One of my all time favorite creative people happens to be Lena Dunham. Creative Writing major at Oberlin College in Ohio, creator, writer and star of her own very show: GIRLS, and over all badass bitch. There is something about the way that she presents her way to the world that makes me crave for that same carelessness about the what other people think. Not in an, “Oh I’m always right and you should just shut the fuck up,” kind of way. It’s more of an, “Oh…okay….well…this is me and who I am so…to bad. Have a nice day! :)” I met her during a reading of her first book, Not That Kind of Girl, October 2014 in Austin, Texas. Here we are. Please, ignore my overly excited photogenic-ism that makes me look like a tr
A couple of years and many projects later, she has recently released a tiny little book called Is It Evil To Not Be Sure? which is an excerpt from Lena Dunham’s college diary. I am yet to purchase the little thing and read it, but the title really made me think of things that I have ever not been sure of and just how full of doubt I made myself feel. Then I think of my two younger sisters and their lives at the moment. How they’re growing up and how I have walked the same path they walk today, only, I did not have a guide of any kind to know how to do things right. Just to clarify, I am not saying that my steps are the corrects ones to follow through. I am not perfect and so with that, my dear sisters know better than to make me the blue print to their flourishing lives. What I can vouch for is the good intentions behind my actions in order to make them see that if a messy, imperfect person like myself can try their best to jump the hurdles of life that sometimes stand at 3 feet tall, that this 5 foot and 1 inch girl can do her best to jump over them. And sometimes I make it over. And sometimes only one foot makes it over and I fall on my face, but I get up.
My middle sister is 20. She will be 21 this September. In societal tradition she will be officially “legal”. She will be able to purchase alcohol and drink it every once in a while in the company of good people. Sometimes in the company of herself.
My “little” sister is 14. She will turn 15 this June. In Mexican tradition, she will be turning into a “woman,” which is impossible for me to process because only yesterday my mother and father sat me and my year-and-a half younger sister to tell us that we were having another sister. Because only yesterday I witnessed her take her first steps across our dining room.
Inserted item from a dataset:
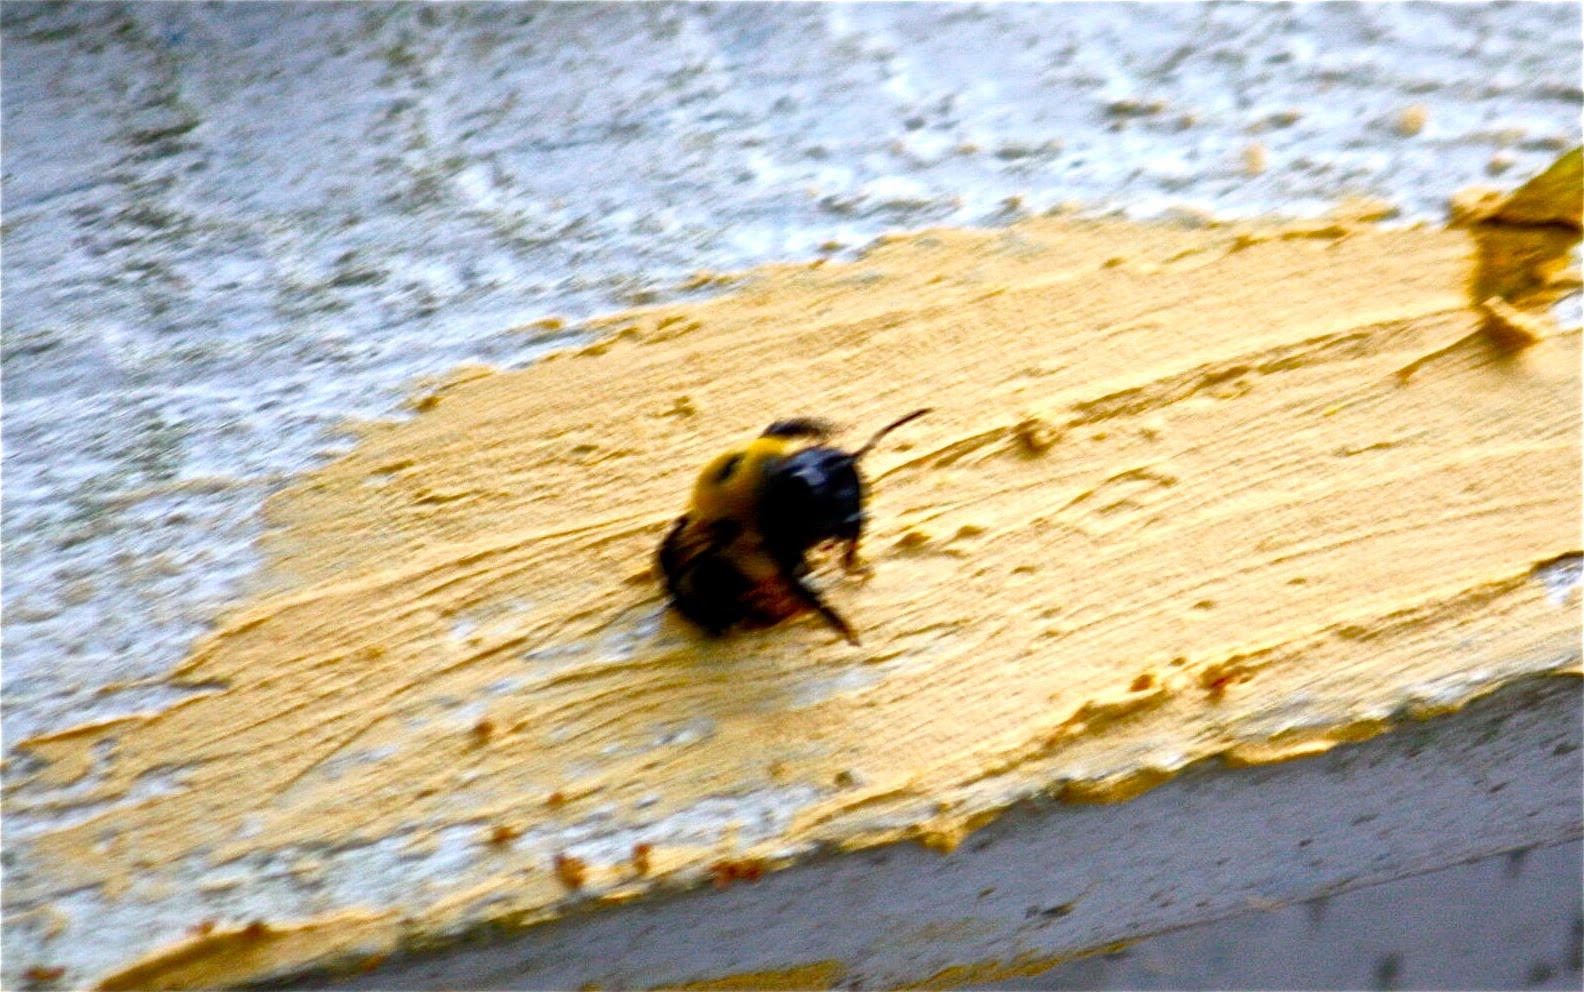 Carpenter bees - photo#52

The family of 5 that our family is was a complete puzzle up until I moved away two years ago. I didn’t mean to make the puzzle incomplete, but I did mean to give myself some distance and independence away from everything I had ever known, even if it wasn’t always in the way I wanted it. It’s when you’re away from people and the known to you that you really appreciate it all for what it has always been.
One thing I hoped for when I left was for my middle sister to take over “big sister” duties. Really, there had never been actual duties that I had when I was home except “set the example.” However, my father had always expected that from both of us for the good of our little sister.
I left my home with a heavy heart and guilt at having to leave my sisters by themselves. They had each other and my parents. They had the friends that they made and the people they knew along the way. But a sister bond is something you can’t find anywhere else. And I missed our late night talks, our drives to the Walmart, walking through the clothes, looking at shirts that we could only wish we could buy because we didn’t have any money. We had each other and even today, everyday, I know that I hurt them when I left because we are not each other without each other.
Fall 2015, my little sister began her high school journey.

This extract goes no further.